I was shocked that supposedly educated people could fail to think to such an extent. Because if the vaccine is only 90 percent effective, it means that 90 percent of the people who get it will become immune to the virus. The other 10 percent will stay vulnerable. But only two percent out of that lot would die – as is the case now – if all of them get infected. Moreover, if a large percentage of the population – just 75 percent, let alone 90 percent – become immune, then the virus will die out, as it would not be able to circulate freely.


And this would automatically protect the 10 percent that cannot develop immunity. It is not rocket science. We have known this for decades, because almost no vaccine is 100 percent effective. What is shocking is that educated people cannot figure this out. No wonder quack remedies have made this pandemic even worse!

Quack remedies have also made money. And money is at the core of all these interlinked problems. Especially after what happened to money as capital in the 1980s, when gold standards were abandoned and capital was rendered free to rampage around the world as sheer numbers. Digitalization added to this, despite its other benefits. Share markets boomed and fell and boomed and fell and boomed again. Speculation swept the globe.

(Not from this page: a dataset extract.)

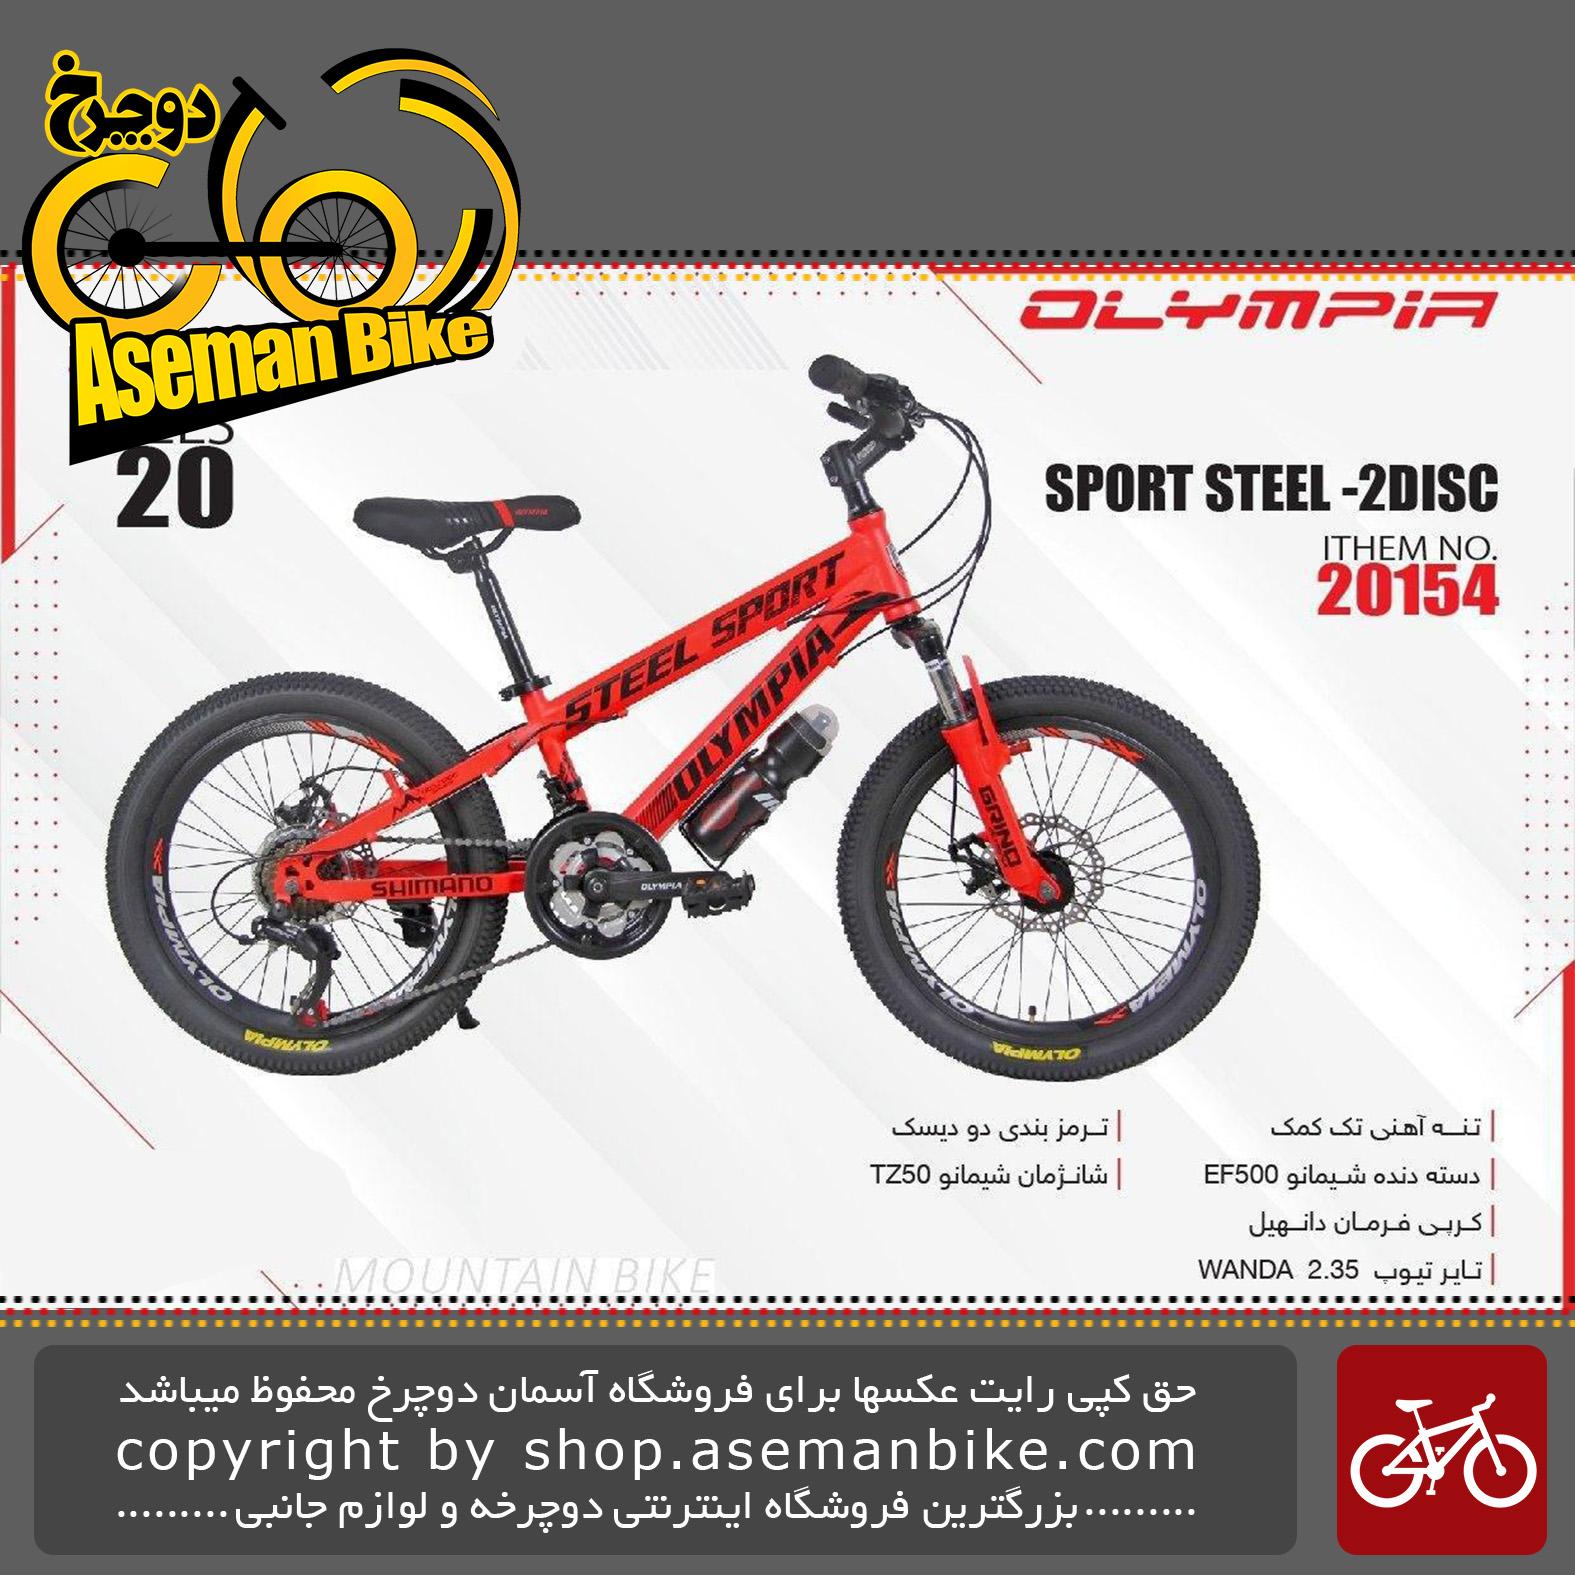 دوچرخه کوهستان شهری المپیا سایز 20 مدل اسپرت استیل 2 دیسک OLYMPIA Bicycle Size 20 Model SPORT STEEL 2 Disc

By the year 2002, hedging operations and speculation were 28 times greater than production and international trading. The ratio has been growing since then. This is a totally new phenomenon in Capitalism: some people are making lots of money without having to produce or trade. No wonder governments are more worried about the share market than vulnerable citizens – workers, traders, producers – dying of COVID 19.

Nation states can no longer control the capital out there. They have to keep pleasing their billionaires who, whether it is USA, India or China, work with global billionaires and corporations. In times of crises, such as 2008 or 2020, governments have to pump money into such corporations. They can get this money only by taxing and surveilling their own citizens, and cutting down on public welfare. Distractions like xenophobia and nationalism help them do so. I am not even running down Capitalism: I am highlighting a gross distortion of what we used to call Capitalism. Let me put this in other terms.

Think of a government that does nothing to protect its people from floods and famines. Not only does it refuse to dam rivers, regulate water flow, provide reservoirs etc. in order to prevent floods and droughts, it also refuses to rescue or rehabilitate people who are devastated by such calamities. All it does is tax people when they use water or sell crops, and employ the funds to buffer the shares of corporations: so that when a corporation needs it, public money is offered to it as a soft loan. Would you say such a government is doing its job?

Well, that is exactly what has been happening almost all over the world since the 1990s. That is why some people may say that 2020, during which many governments passed the onus of fighting the virus on to their citizens and concentrated their public funds on saving corporations, started sometime in the late 1980s. So, where do we go from here? The answers are clear: we need to call our politicians to account, so that they can call the corporations to account.

But this cannot be done just nationally anymore. Free-floating capital will short-circuit any solely national effort. This requires an international movement, which has to be rooted in national demands for transparent and accountable governance.